**ASSIGNMENT:** Set down, unchanged, the line holding "Fresh beetroot and" and all lines that follow it to the end of the material, leaving pictures out.

** DATASET EXCERPT follows **

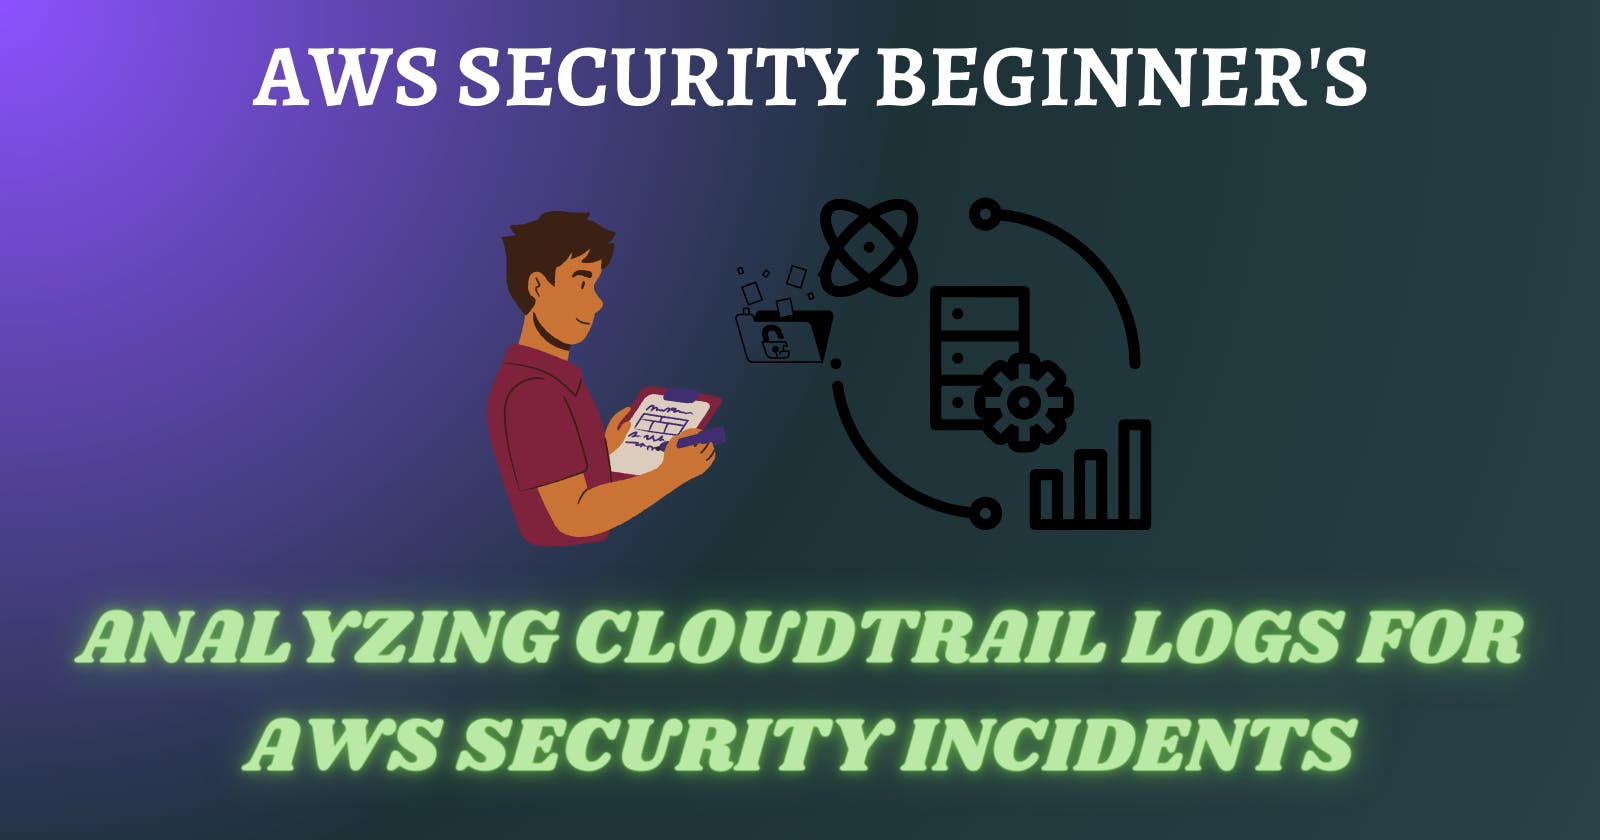 Analyzing CloudTrail Logs for AWS Security Incidents.
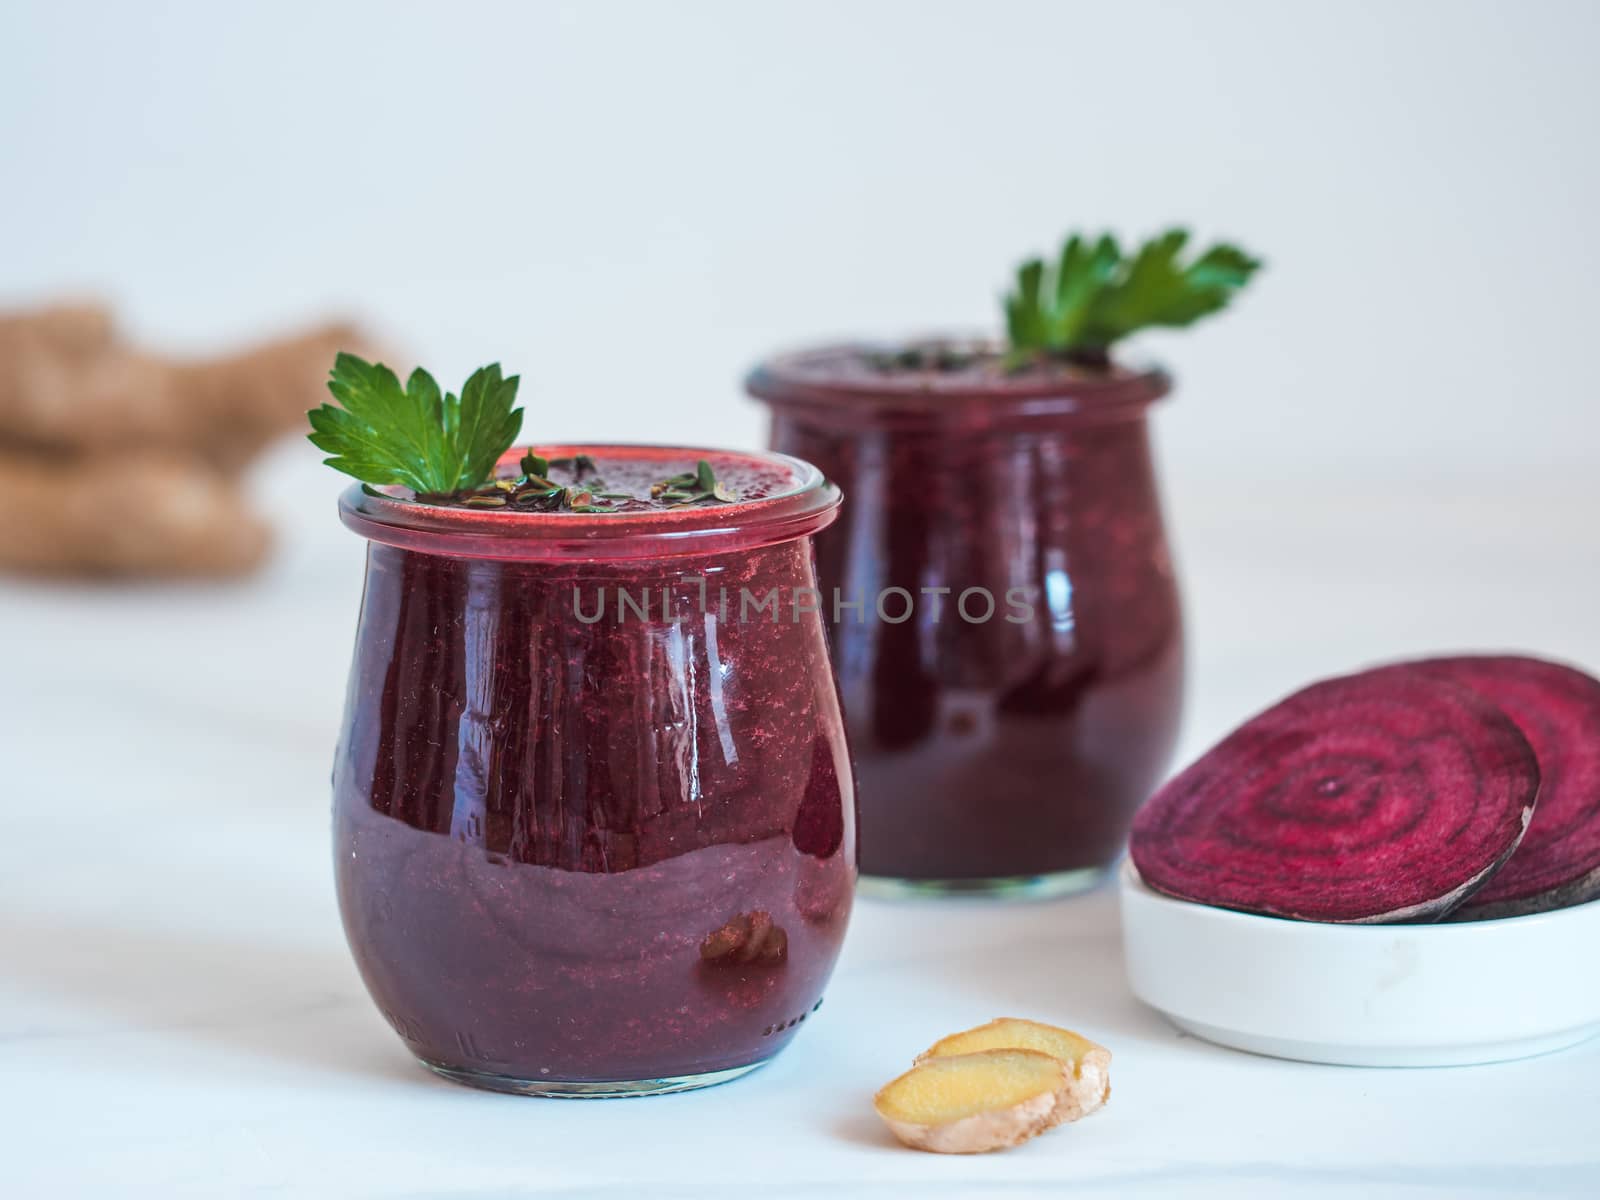 Fresh beetroot and ginger root smoothie. Beetroot smoothie in glass jar on white table. Shallow DOF. Copy space for text. Clean eating and detox concept, recipe idea.
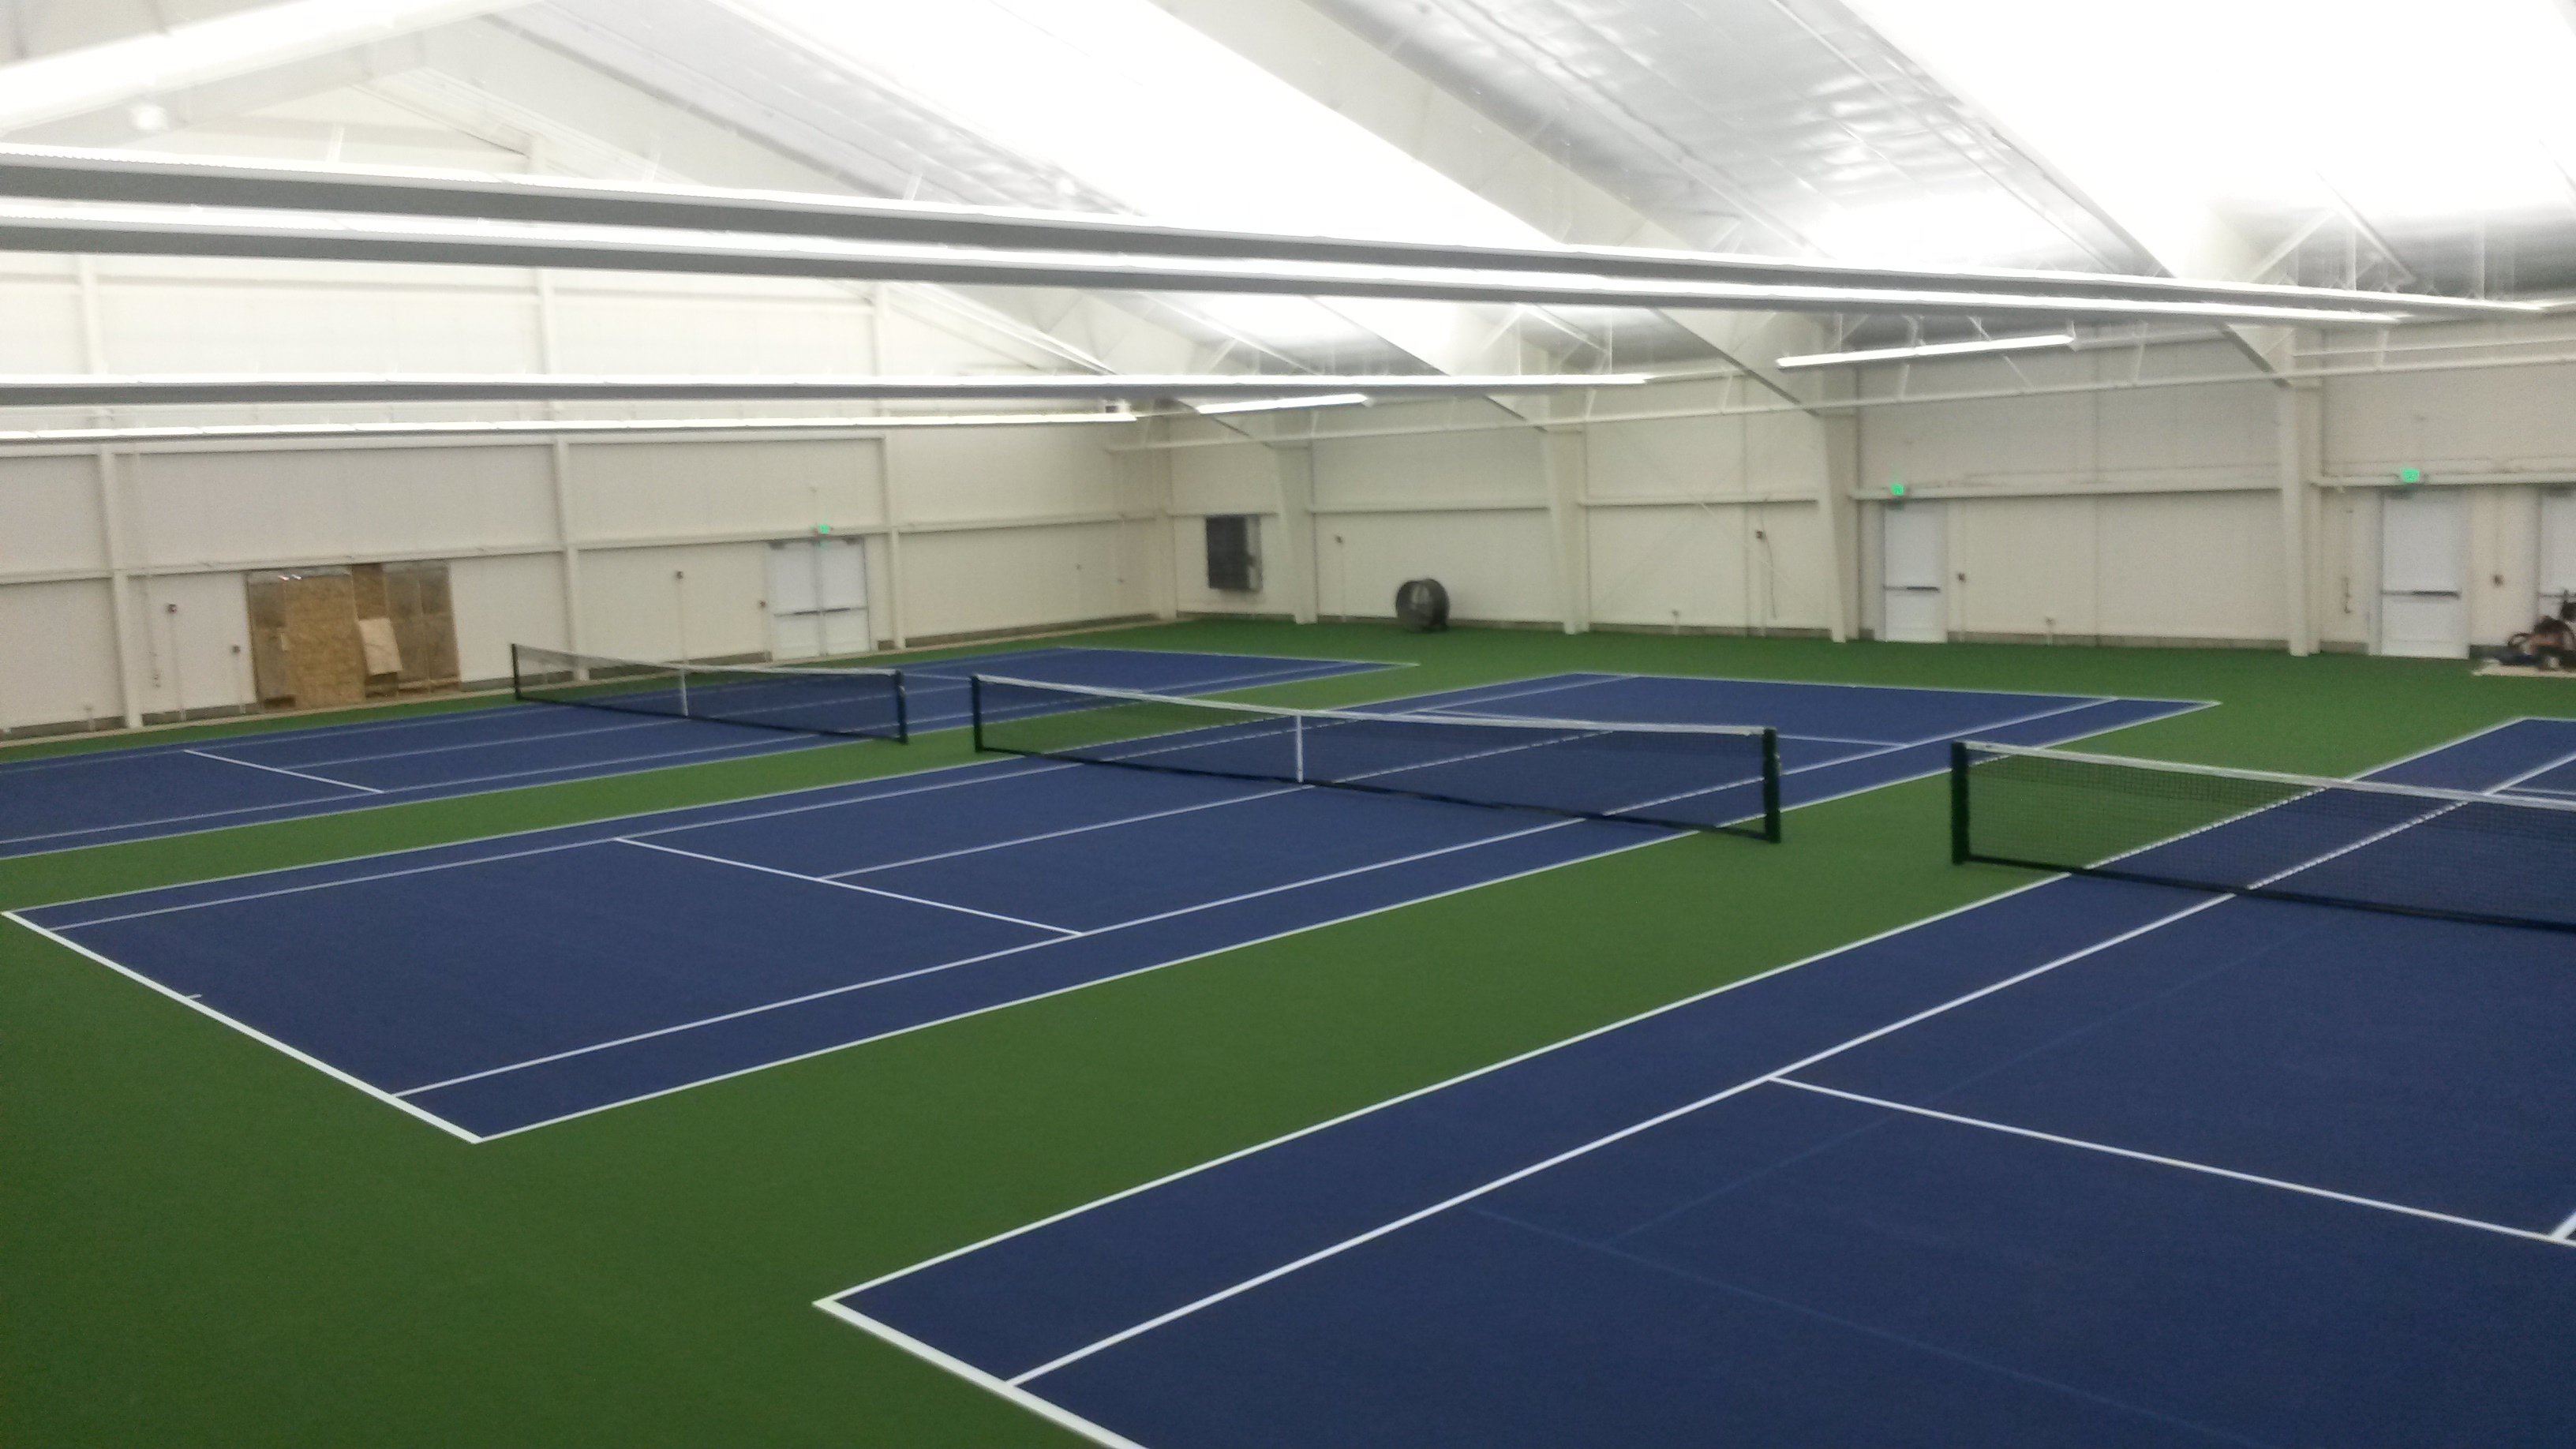 International Tennis Hall of Fame Honors ThinkLite as its Energy

** End of DATASET EXCERPT **

**ANSWER BOX:**
 Fresh beetroot and ginger root smoothie. Beetroot smoothie in glass jar on white table. Shallow DOF. Copy space for text. Clean eating and detox concept, recipe idea.
 International Tennis Hall of Fame Honors ThinkLite as its Energy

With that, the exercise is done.